Rich Lowry writes an article today in which he imagines all liberals to be essentially the same person, and that "person" is hypocritical because he seems to have two different opinions on the issues.
Perhaps an example would demonstrate to Mr. Lowry the folly of this argument. Take Ms. Moderate Liberal and Mr. Less Moderate Liberal. Ms. Moderate Liberal says, "Well, invading Iraq might have been an ok idea, but the way he went about it unilaterally and without the support of the UN, well that wasn't very smart." Mr. Less Moderate Liberal says, "Are you kidding? Invading Iraq was always a bad idea, and we should never have done it, particularly since Iraq was no threat to the United States." Mr. Lowry, evesdropping on this conversation and unable to tell two liberals appart, assumes hypocricy on both parts.
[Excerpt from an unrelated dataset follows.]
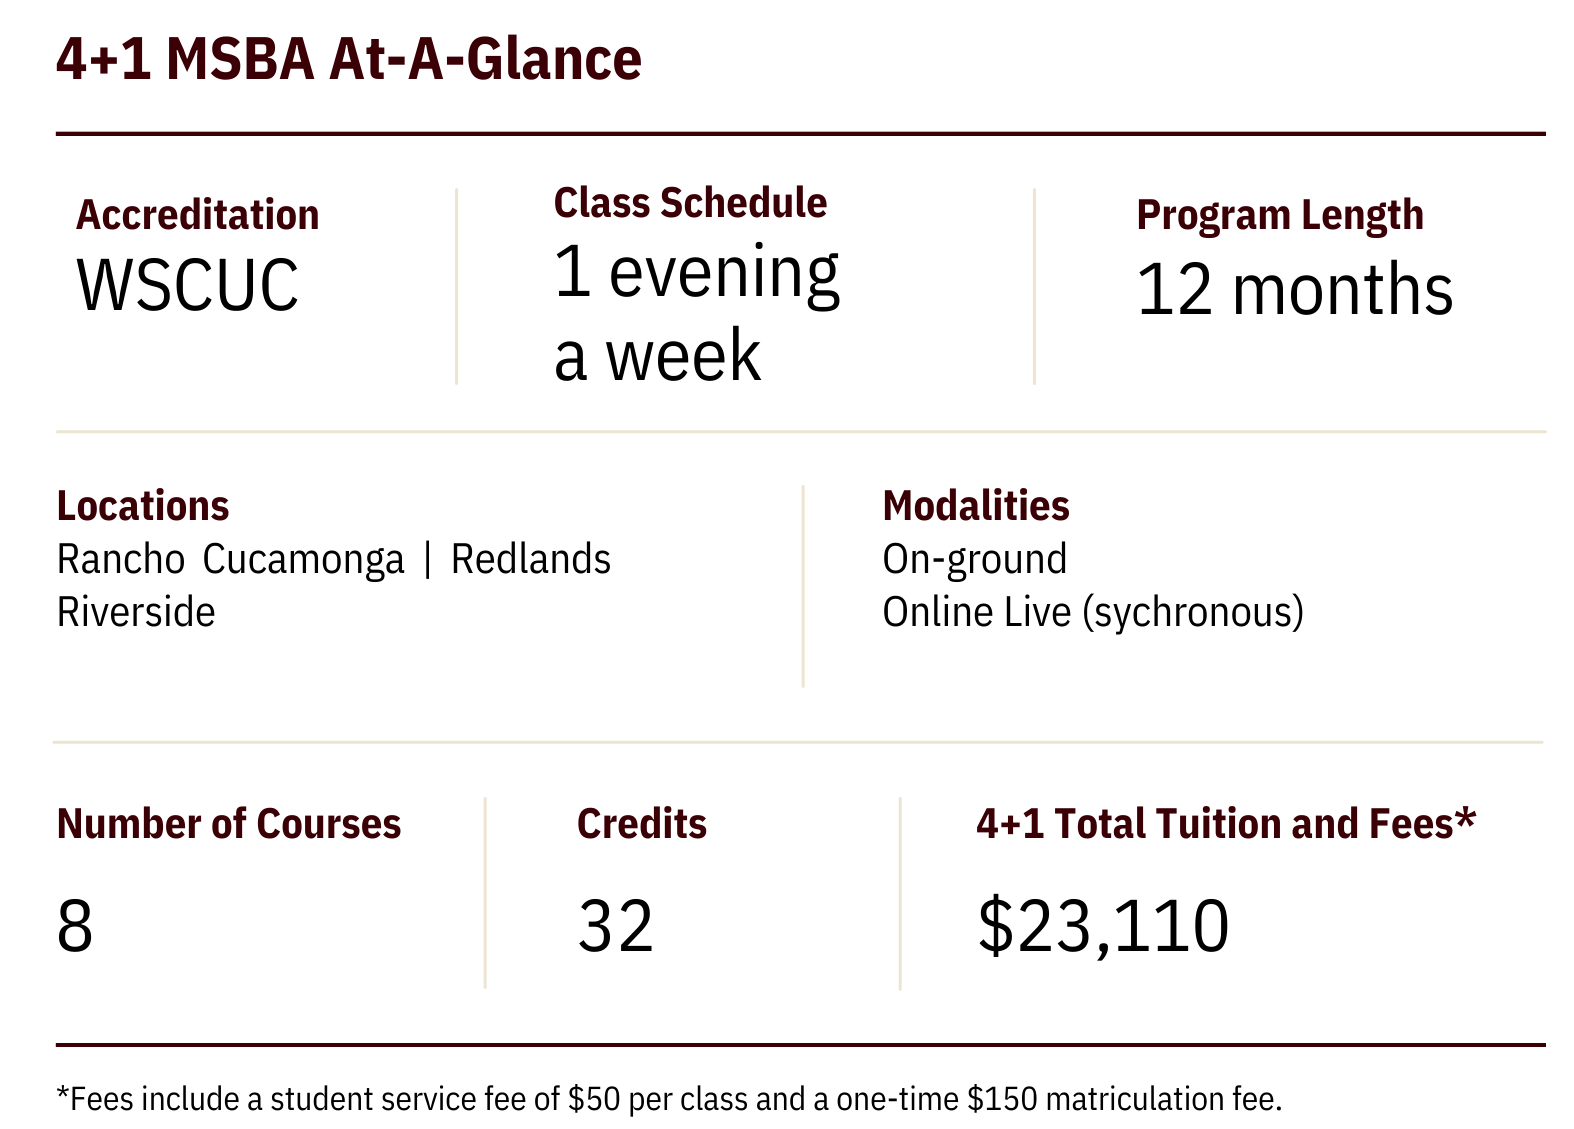 4+1 MSBA at a glance.png

But of course Mr. Lowry hardly needs to go to the trouble of listening to what liberals say when he can just make stuff up. Take this section. "If he restrains government spending, he's heartless. If he supports government spending, he's bankrupting the nation and robbing from future generations."
Of course, I need hardly point out that while Liberals are critical of President Bush's failure to keep much control over spending, of far more concern are his tax cuts, which are a much larger part of the equation in figuring out how high the deficit is going to go. Mr. Lowry chooses not to spend much time on taxes in his little essay.
Mr. Lowry is, of course, no stranger to how a President can inspire some intemperate comments; I think we all remember how sensible the Republicans were during the Clinton Years.